● **About this exercise**
With the pictures left out, retype exactly the lines below starting at the line that contains "Innersense - Hair" and ending at the line that contains "EDUARD WOLFGANG GOOSSEN".

● **Exercise material**
|---|
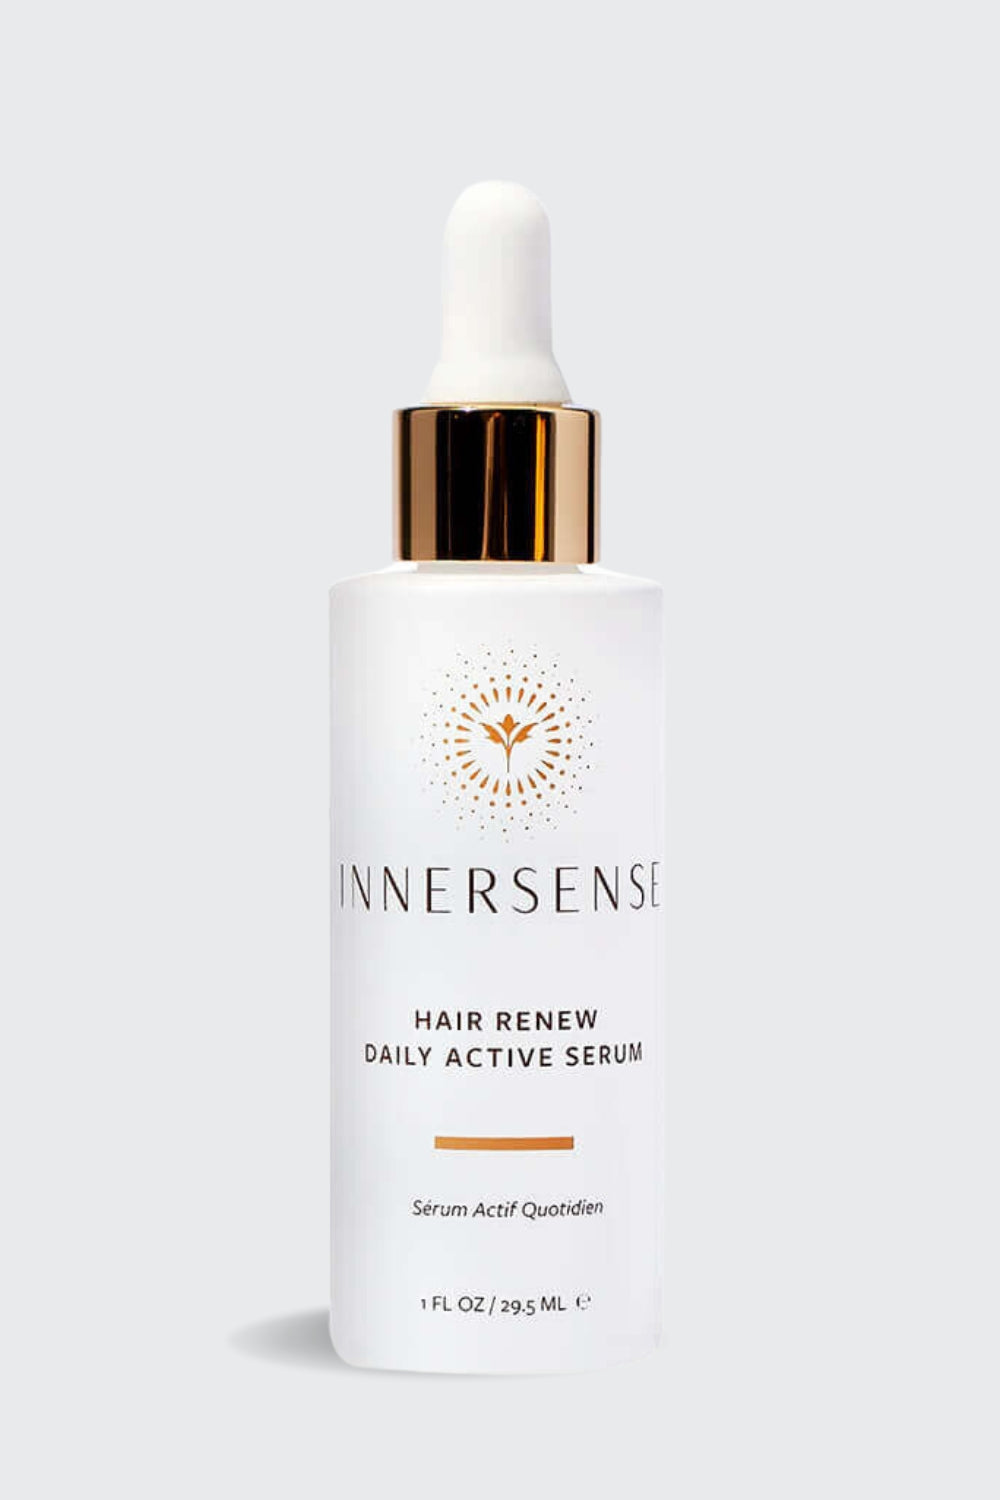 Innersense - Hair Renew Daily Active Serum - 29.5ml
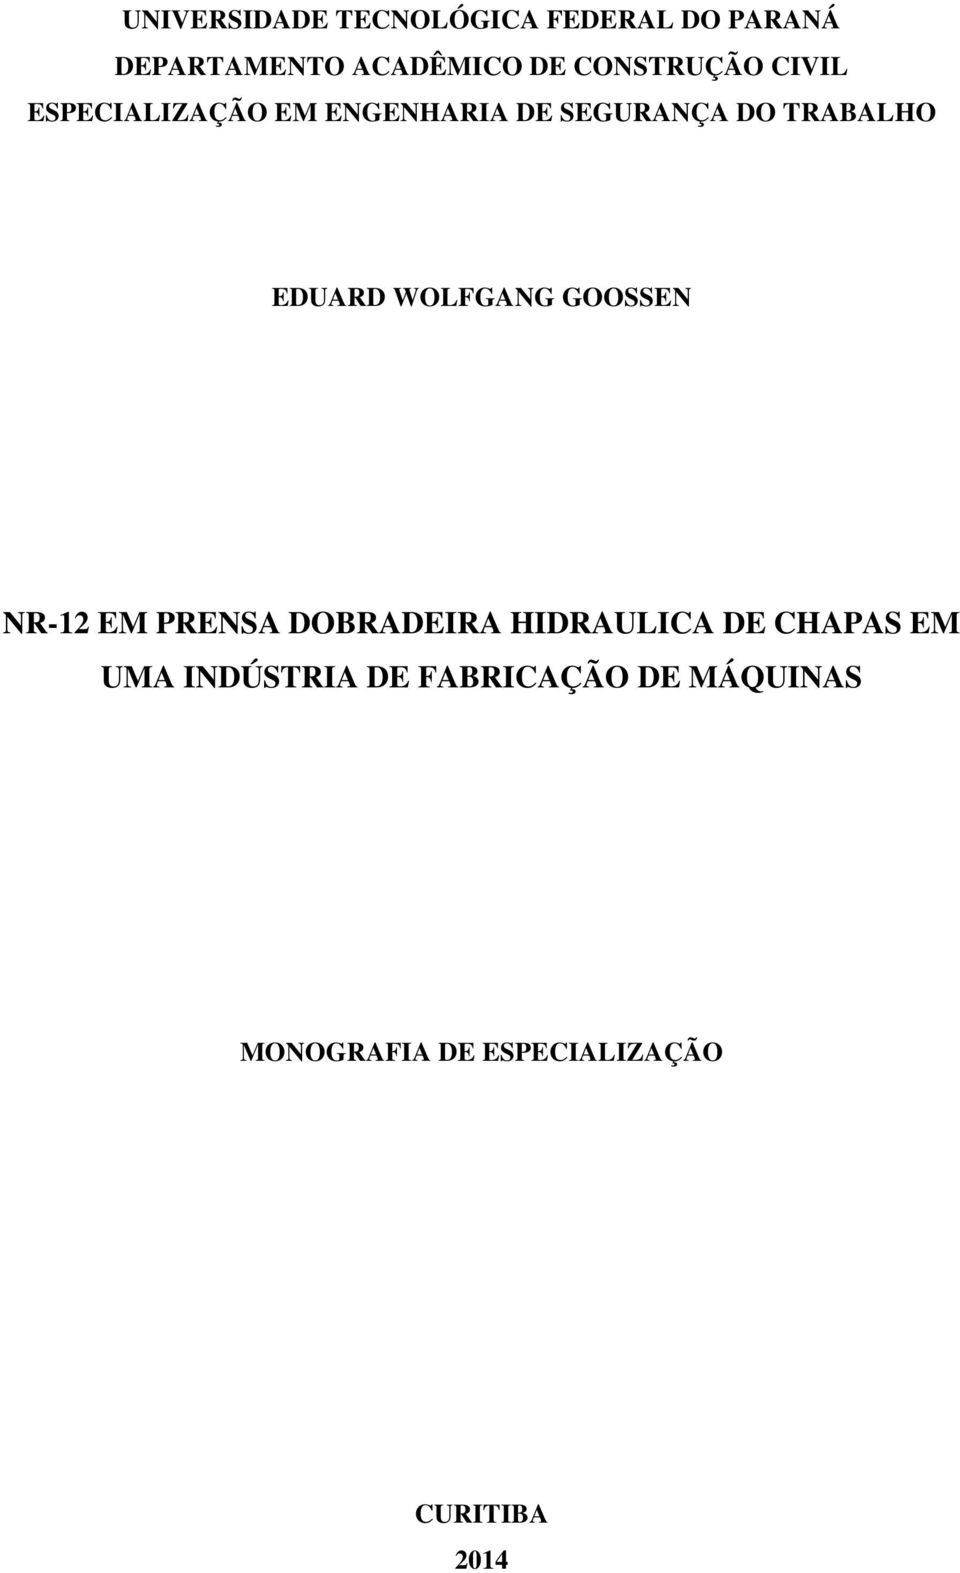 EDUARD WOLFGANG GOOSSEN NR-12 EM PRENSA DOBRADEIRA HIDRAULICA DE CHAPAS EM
|---|
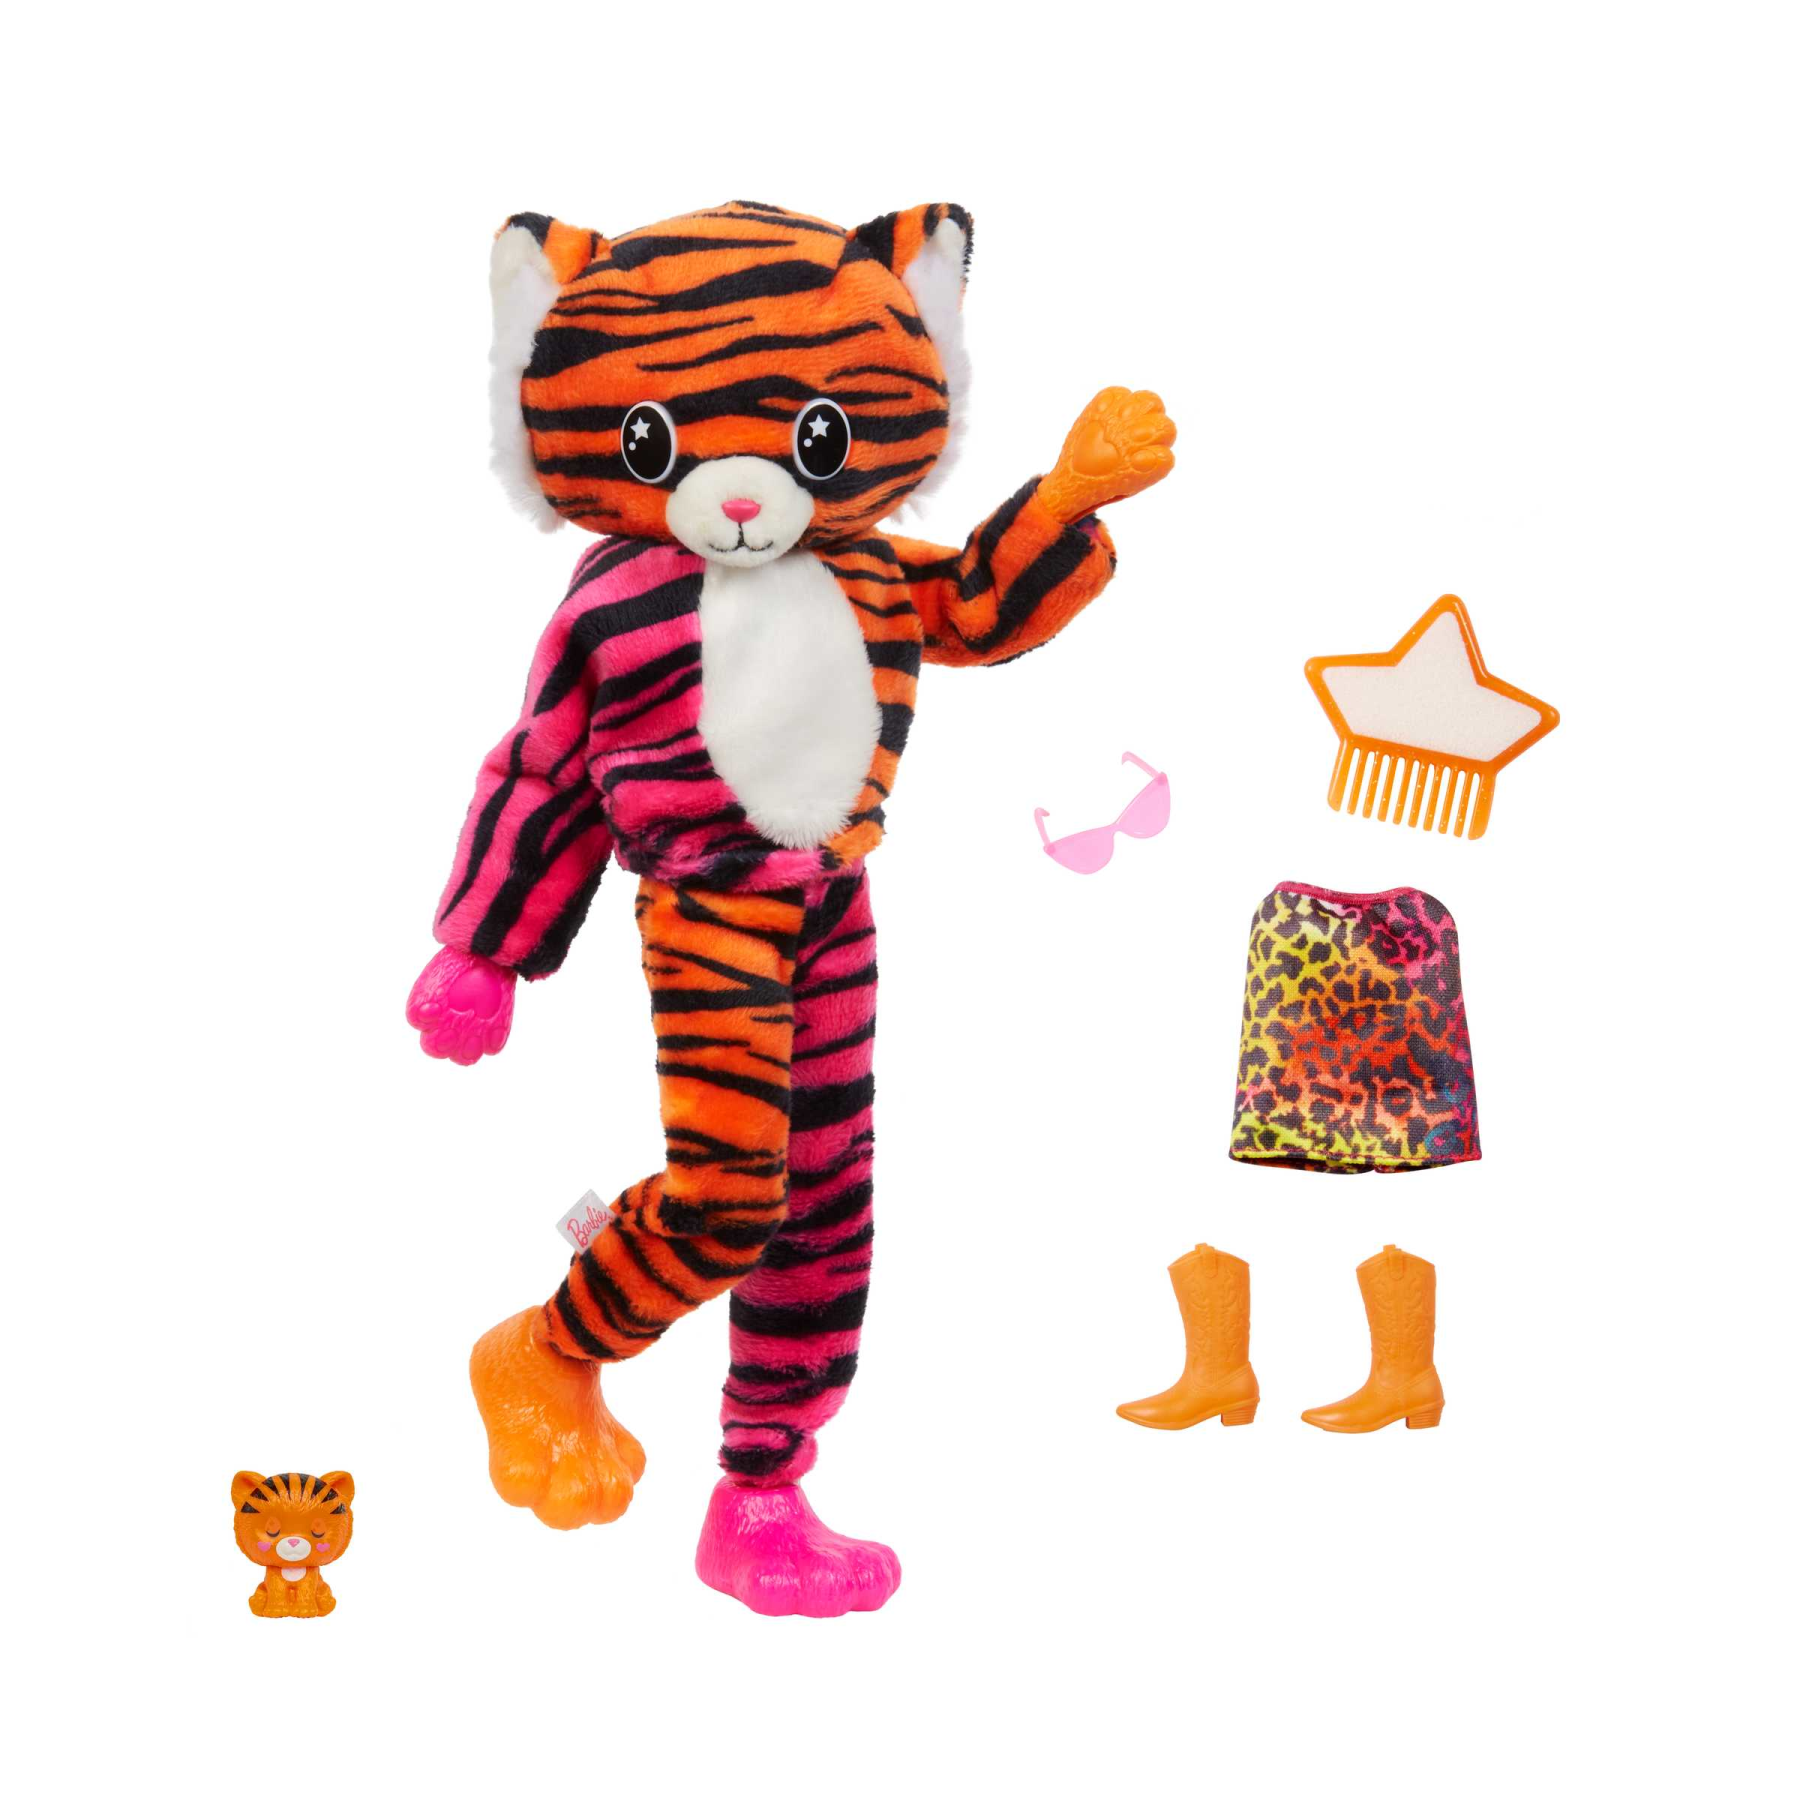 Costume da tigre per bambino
|---|
● **Solution to this problem**
 Innersense - Hair Renew Daily Active Serum - 29.5ml
 EDUARD WOLFGANG GOOSSEN NR-12 EM PRENSA DOBRADEIRA HIDRAULICA DE CHAPAS EM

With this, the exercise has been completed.